Applying knowledge and understanding
After finishing the course, the student should be able to:
- demonstrate the ability to investigate armed conflicts independently and as part of a team, by employing the analytical concepts relevant to this field of study;
- demonstrate the ability to carry out a conflict analysis within given time frames;
- demonstrate a critical and scientific approach to organized violence
- apply knowledge of Malmö University’s perspectives to issues pertaining to organised violence and conflict resolution, and
- present and discuss issues of relevance to peace and conflict studies to and with an audience.
Making judgments and communication skills
After finishing the course, the student:
- should be have the ability to independently analyse and critically reflect upon research development within the field of peace and conflict studies, as well as participate in basic discussions concerning these issues in subject specific contexts, and
- has the specialised ability to independently evaluate her/his basic empirical, theoretical and methodological knowledge of peace and conflict and identify his/her need for further competency within the subject.
Peace and Conflict Theory is assessed through a examining seminars, 7,5 credits, and a take home exam, 7,5 credits.

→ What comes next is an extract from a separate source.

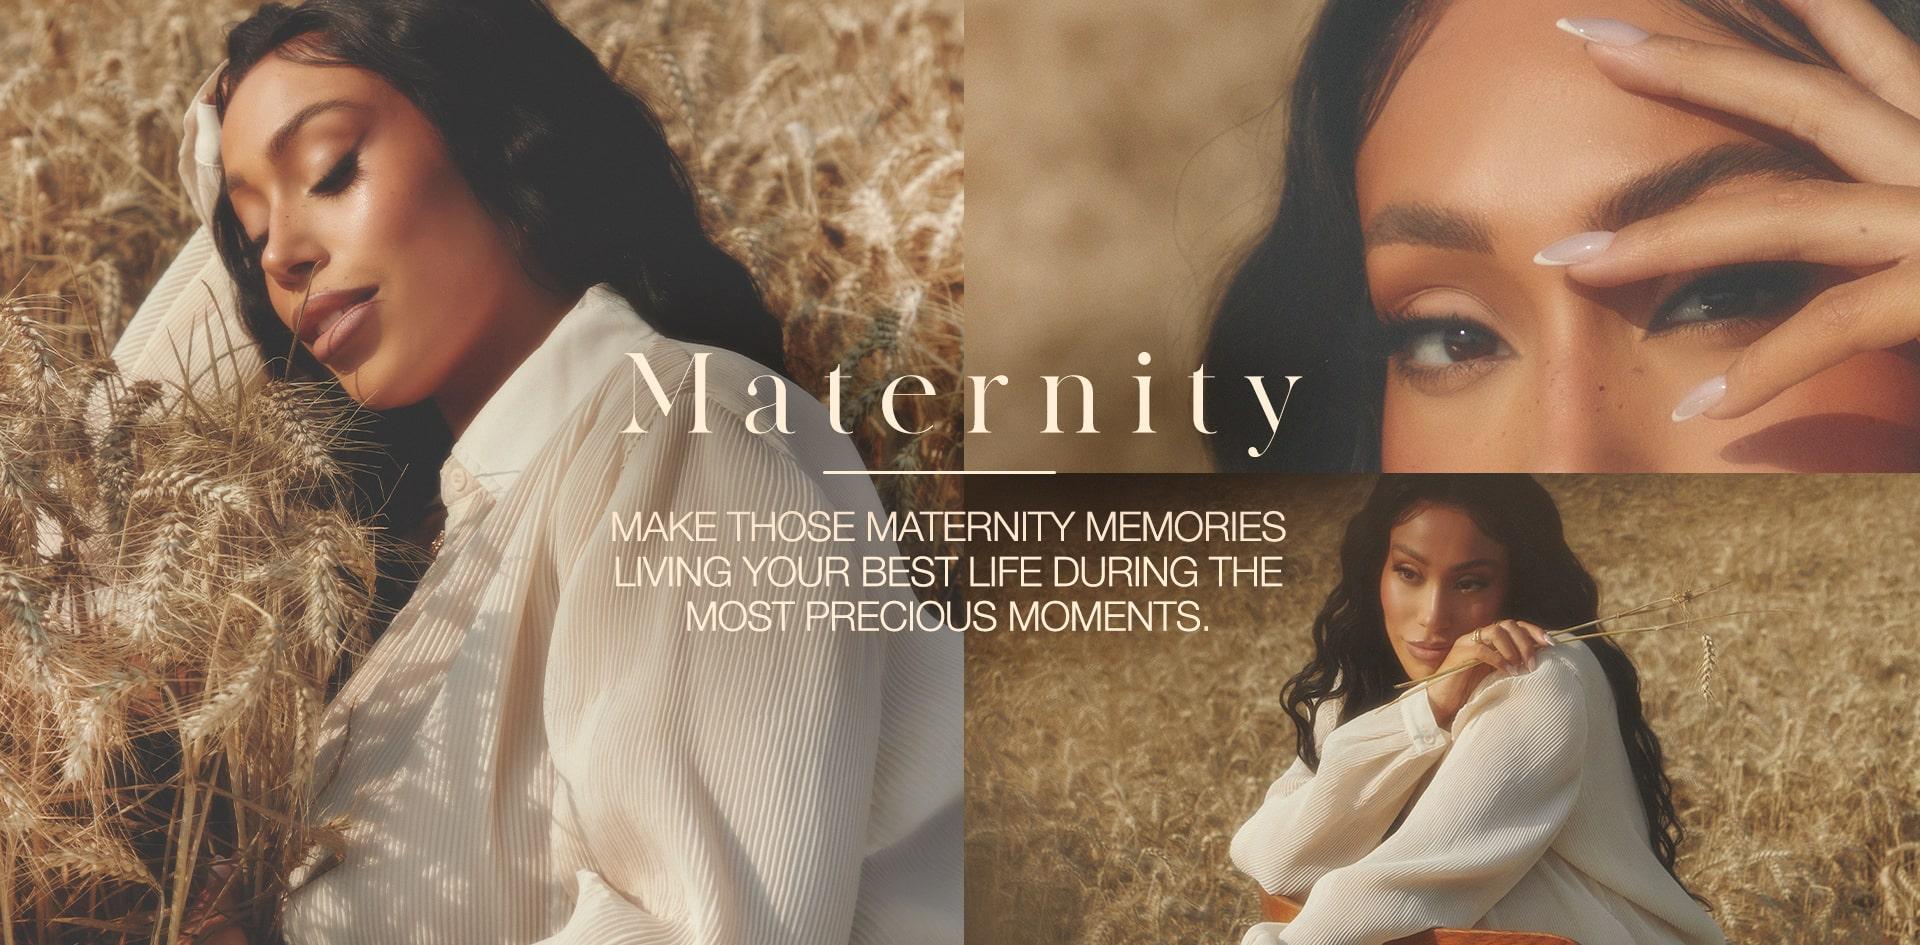 Maternity Lookbook Image Desktop 7

Method is assessed by means of take home exams, a number of other written assignments and oral presentations. The Project Work is examined by means of an independent conflict analysis to be carried out in group.
Exams and assignments should be completed within given dead-lines. Written exam and assignments should be linguistically correct and meet normal requirements for source and reference management. Detailed instructions for exams and grading criteria are provided at the start of the module
Students who do not pass the regular course exams have the minimum of two re-sit opportunities. Re-sits follow the same form as the original exams, apart from re-sits for group work, which take the form of individual written and oral assignments.
The course consists of the following modules:
- Peace and Conflict Theory (15 credits)
- Method (7,5 credits)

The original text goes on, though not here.